→ **WHAT YOU ARE ASKED TO DO**:
Please restate word for word each line from the one containing "شلوار جین راسته" to the last line of the records below, and drop the pictures.

═════ EXTRACTED DATA

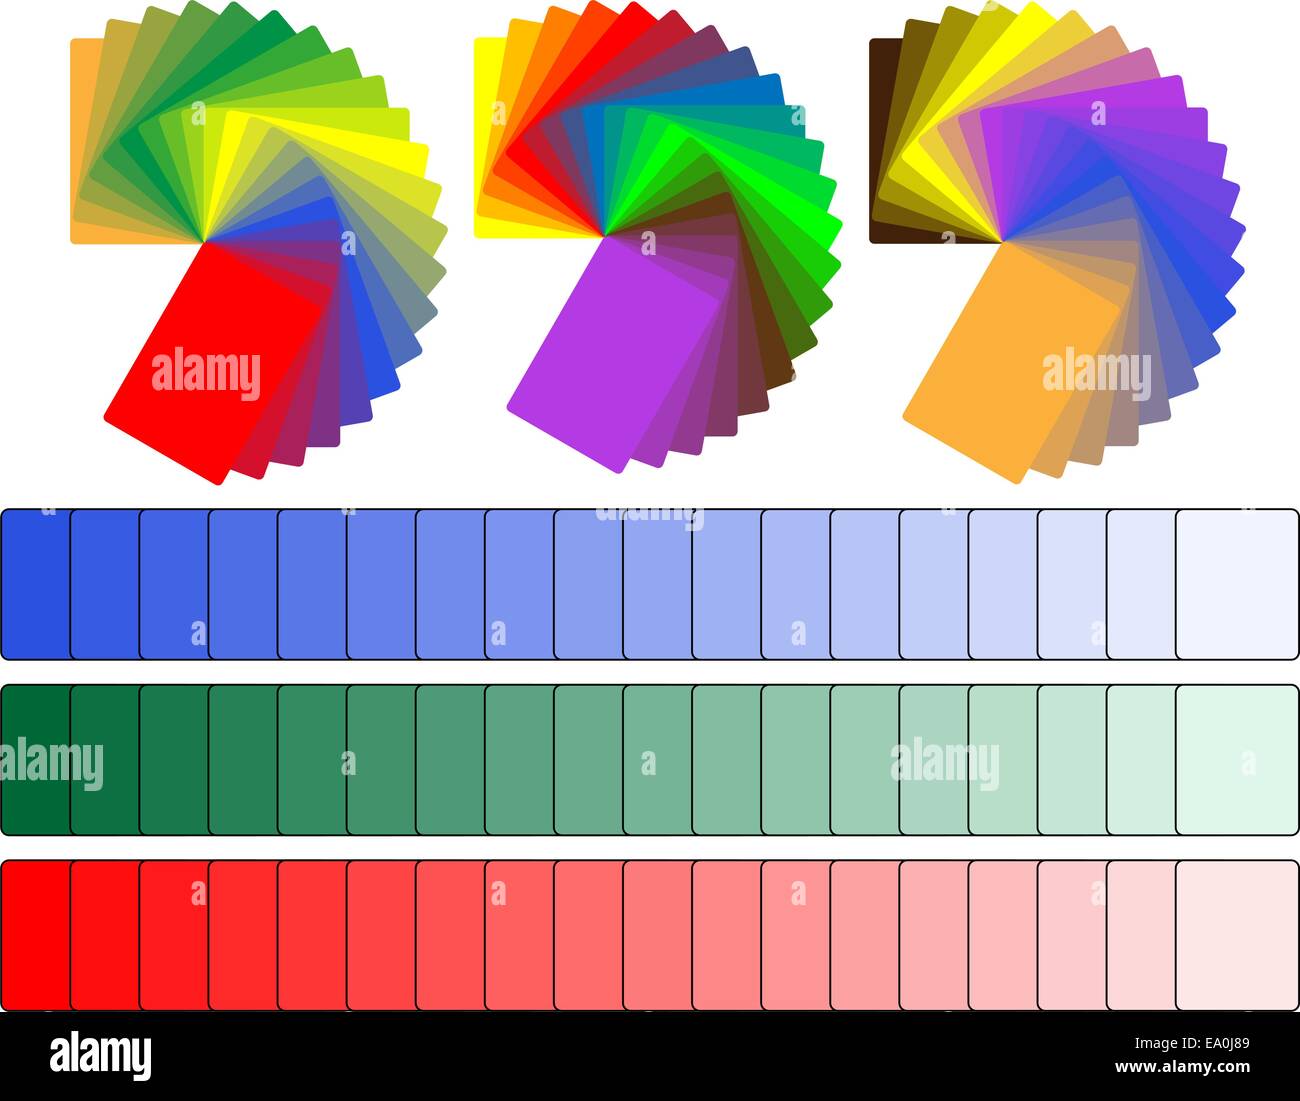 Vektor-Farbpaletten mit verschiedenen Farben und Schattierungen Stock Vektor
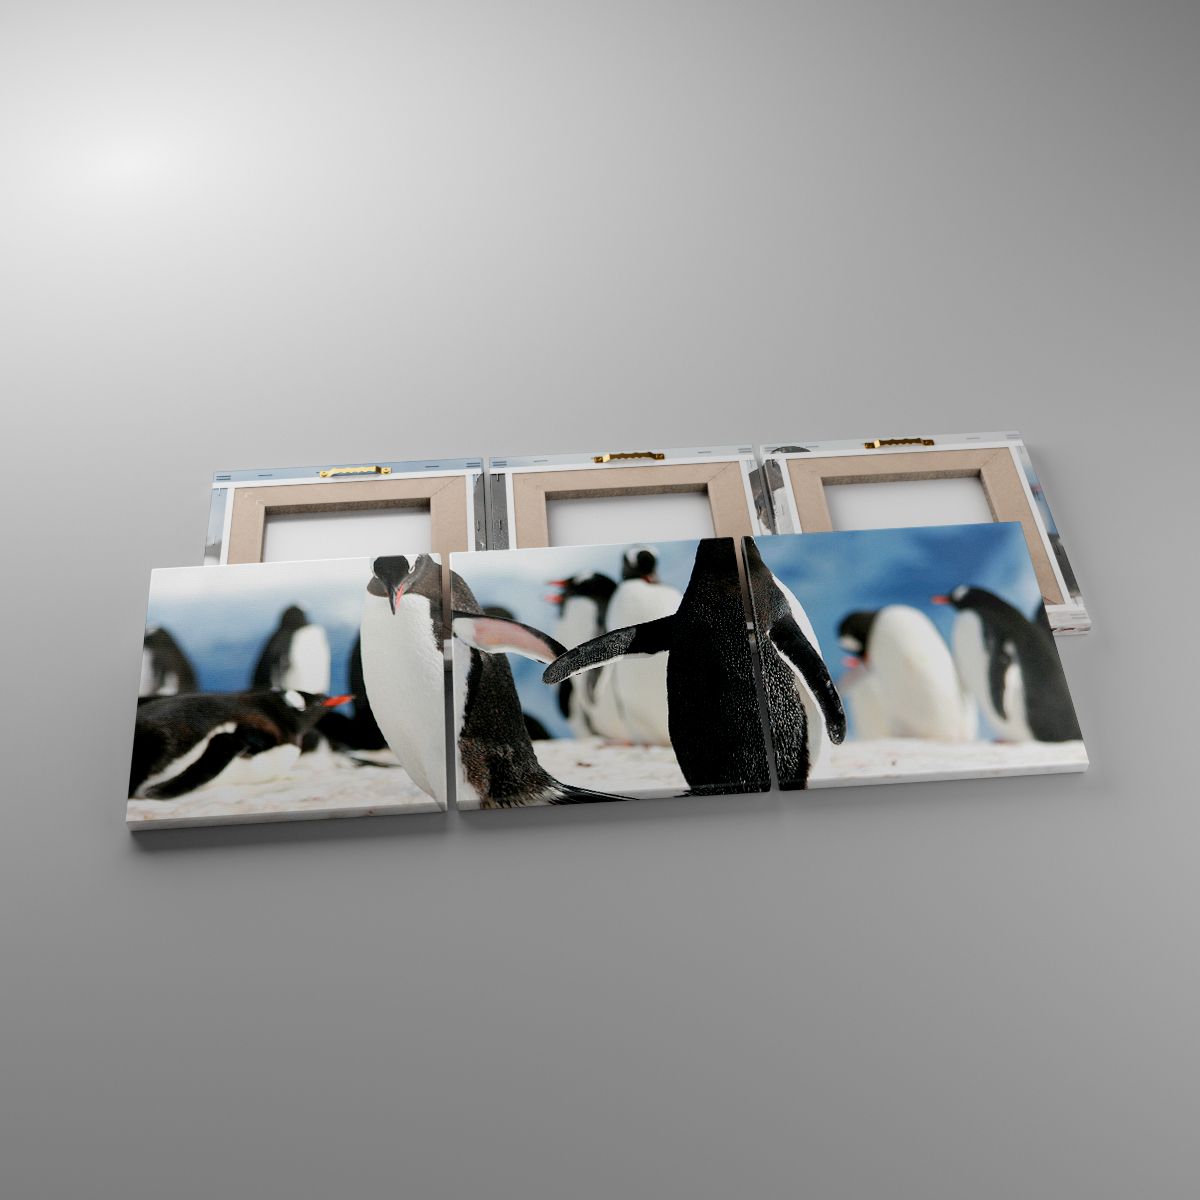 Obrazy Pingwin, Obrazy Antarktyda, Obrazy Krajobraz, Obrazy Śnieg, Obrazy Lód
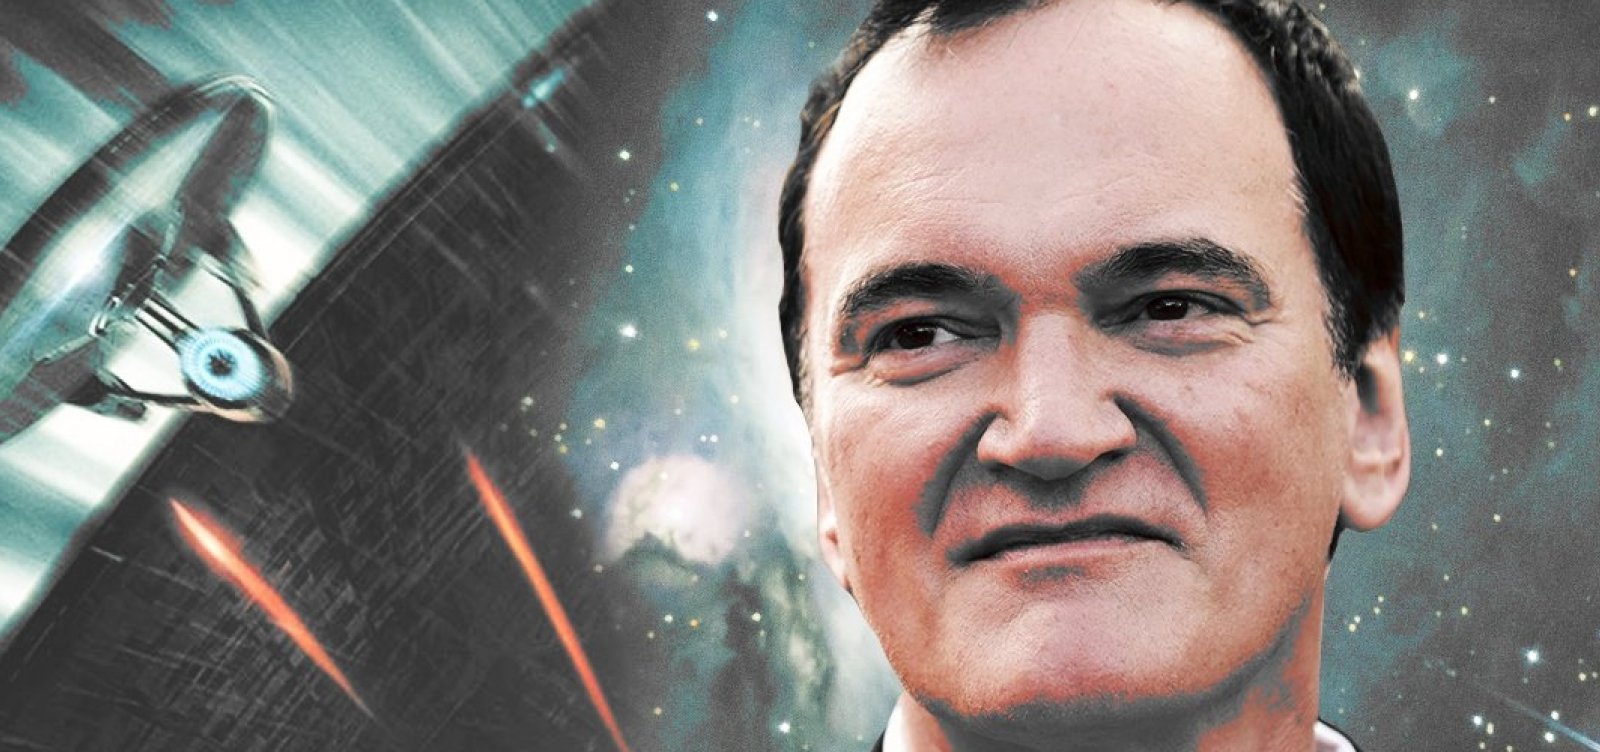 Tarantino pode dirigir novo Star Trek e desconversa sobre encerrar carreira 
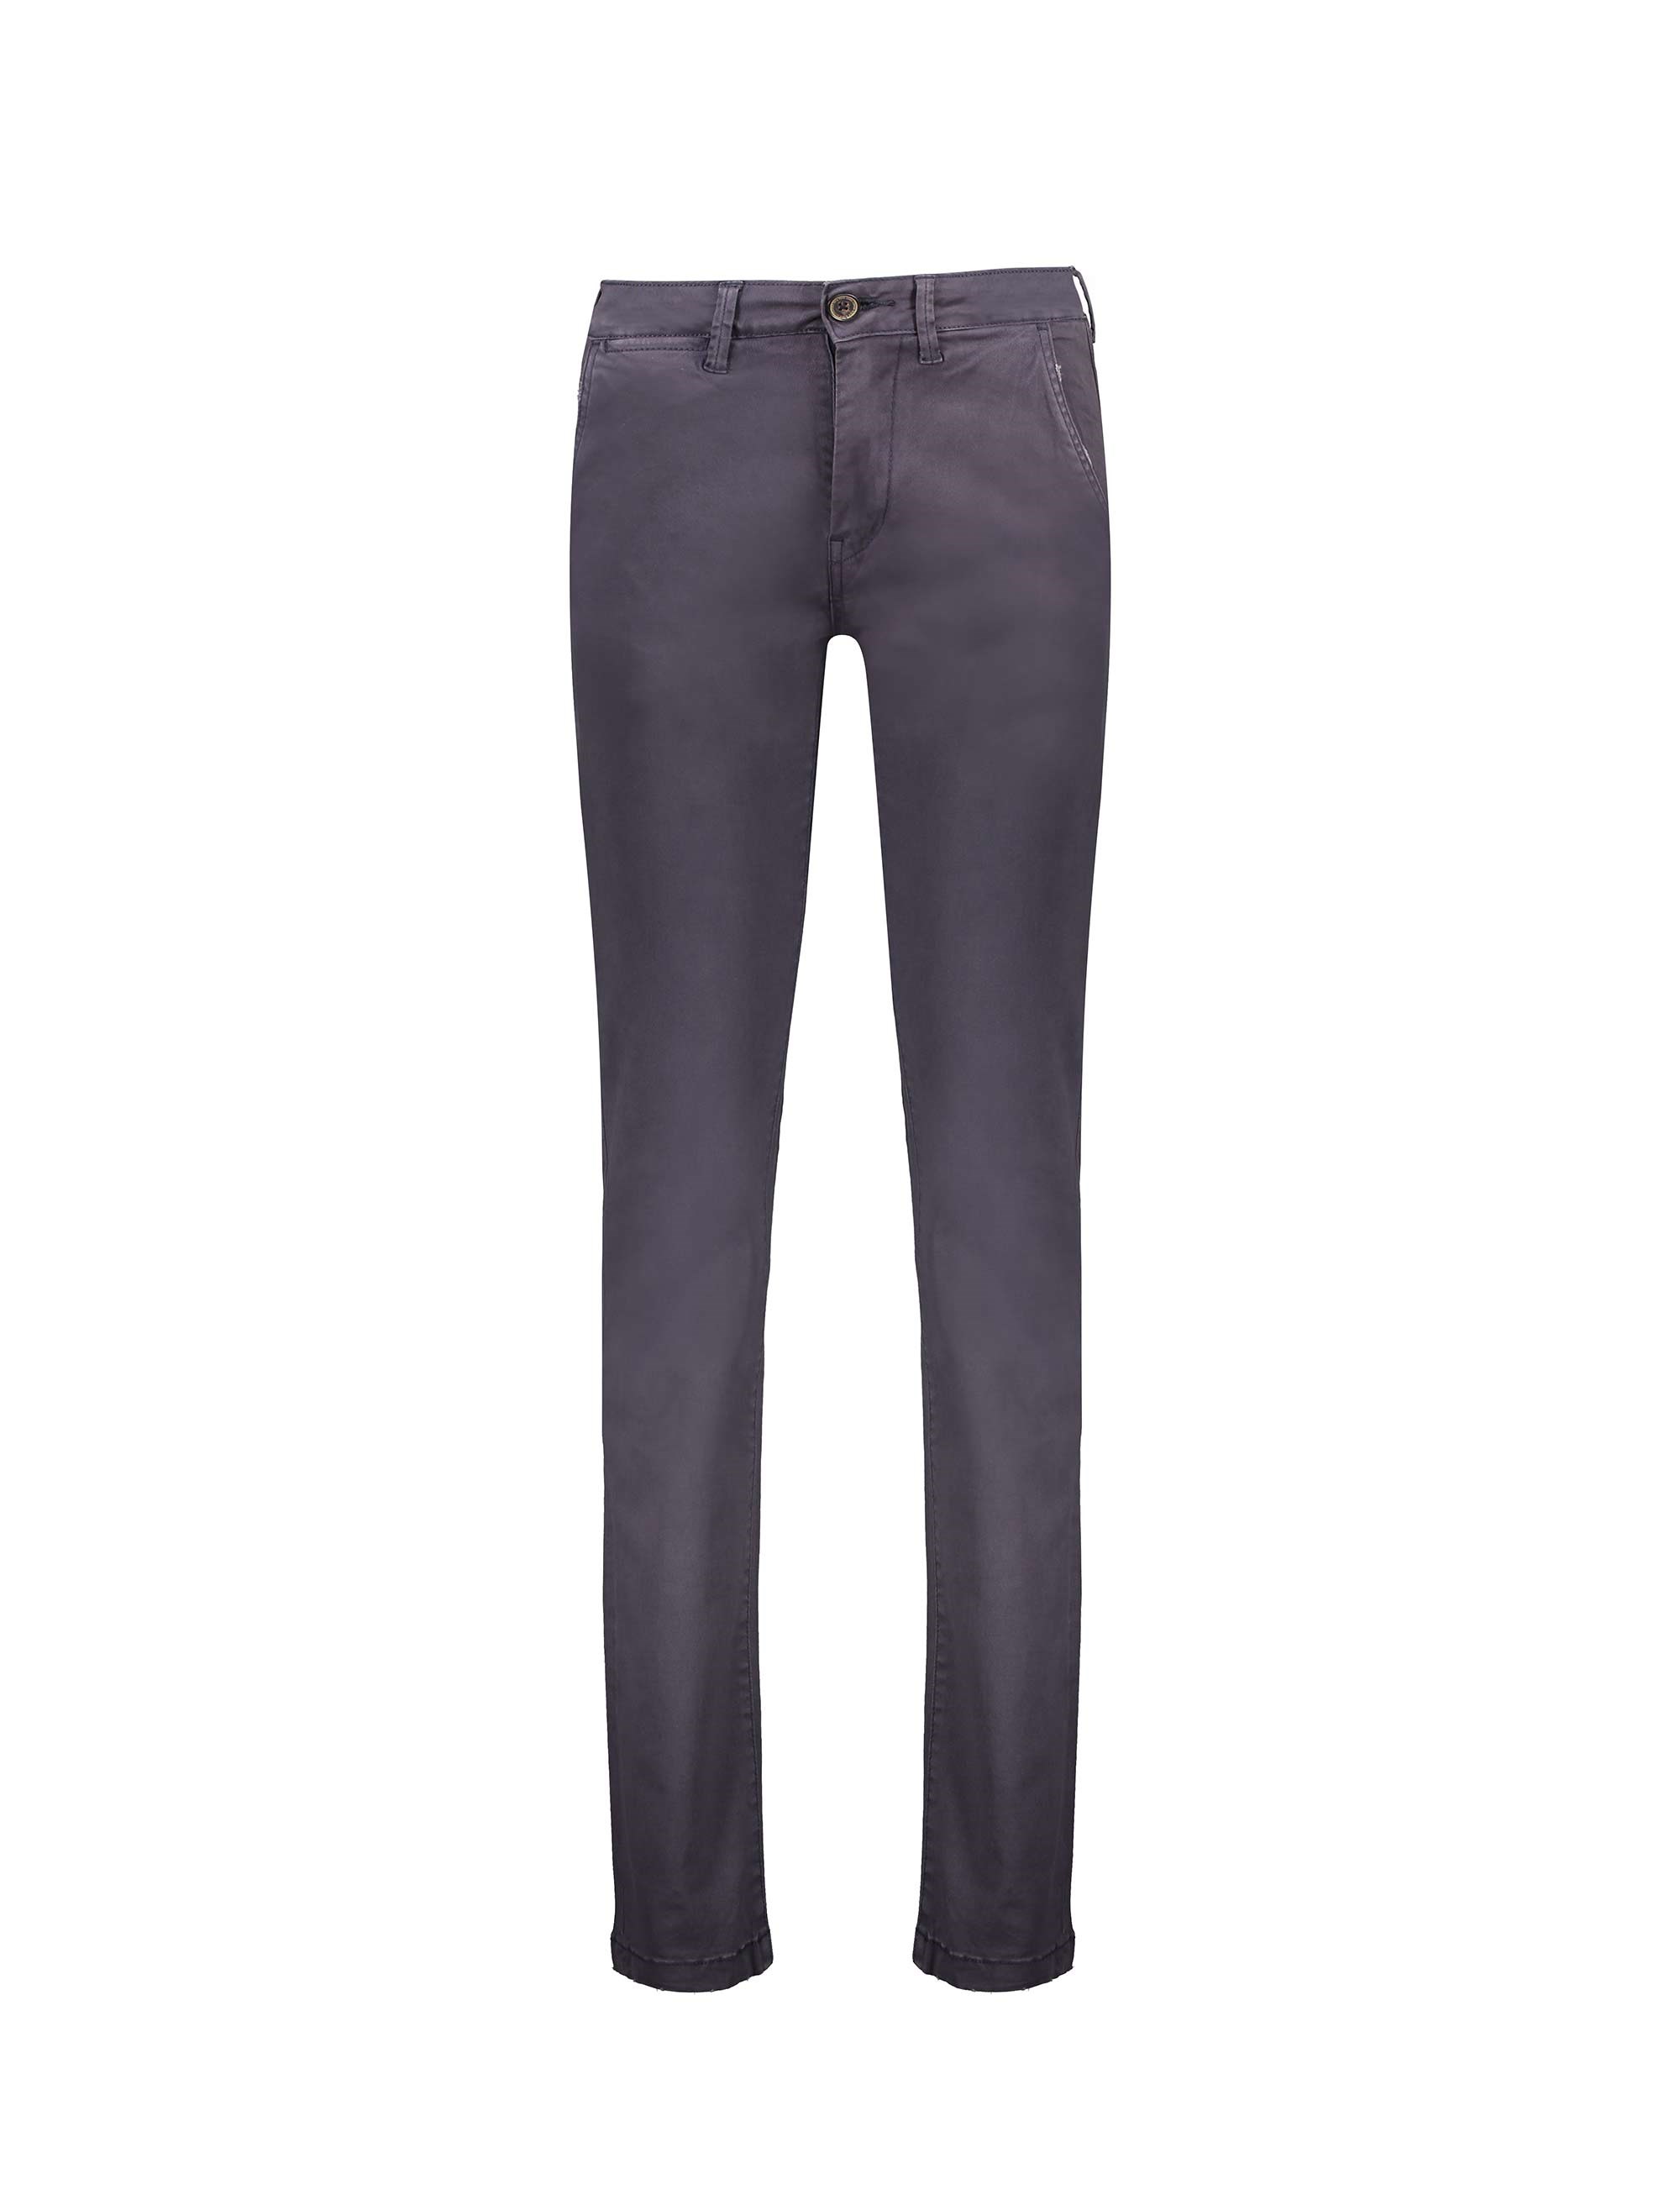 شلوار جین راسته مردانه Sloane - پپه جینز - زغالي - 1
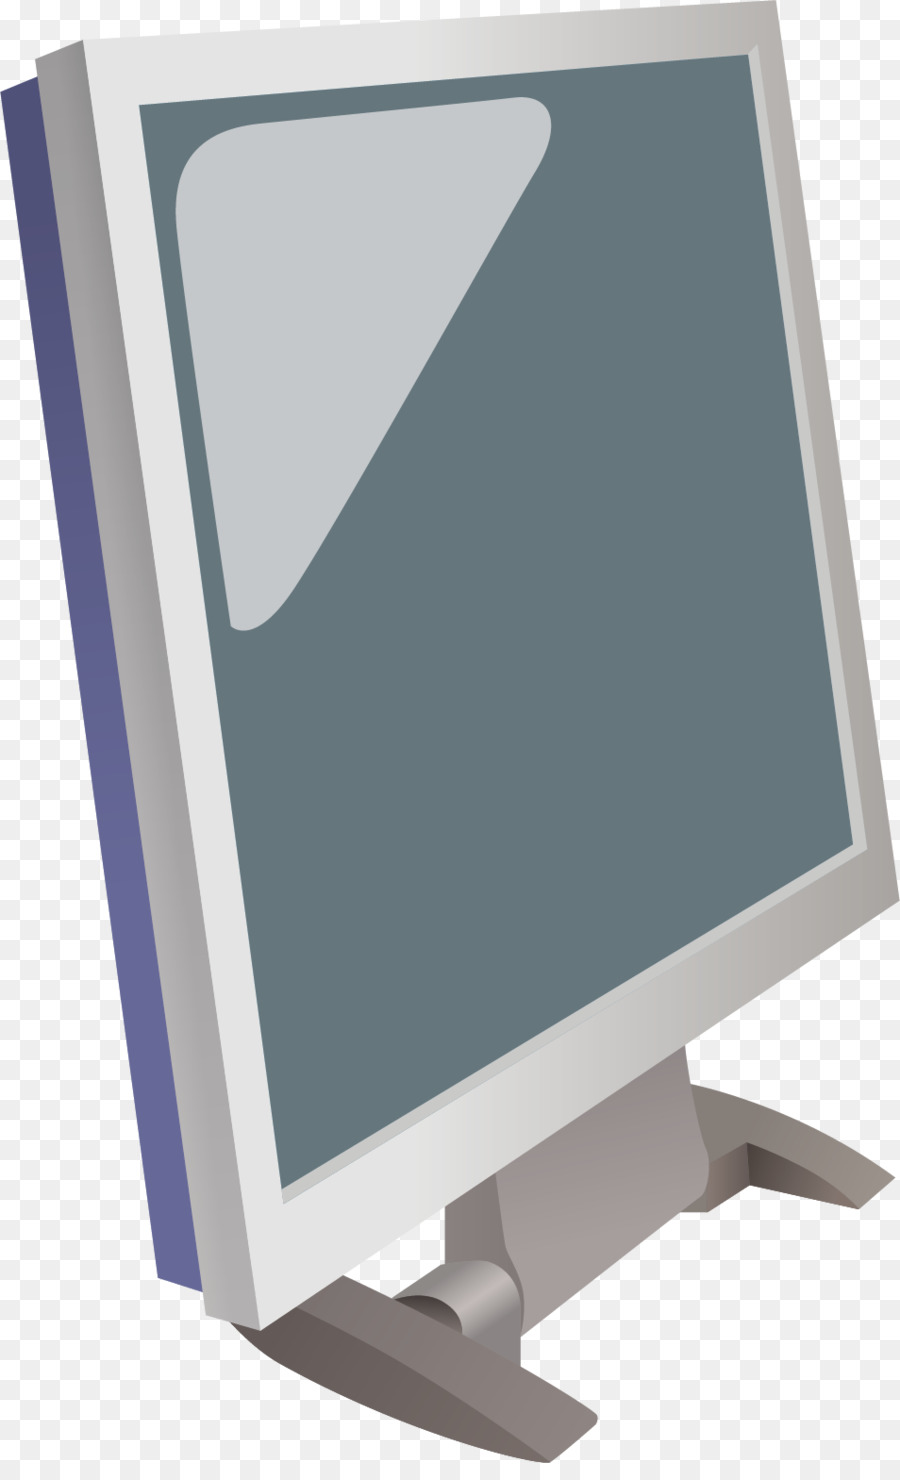 Il monitor del Computer Portatile - Computer png vettore materiale

══════════

→ **SOLUTION TO THIS EXERCISE**:
 شلوار جین راسته مردانه Sloane - پپه جینز - زغالي - 1
 Il monitor del Computer Portatile - Computer png vettore materiale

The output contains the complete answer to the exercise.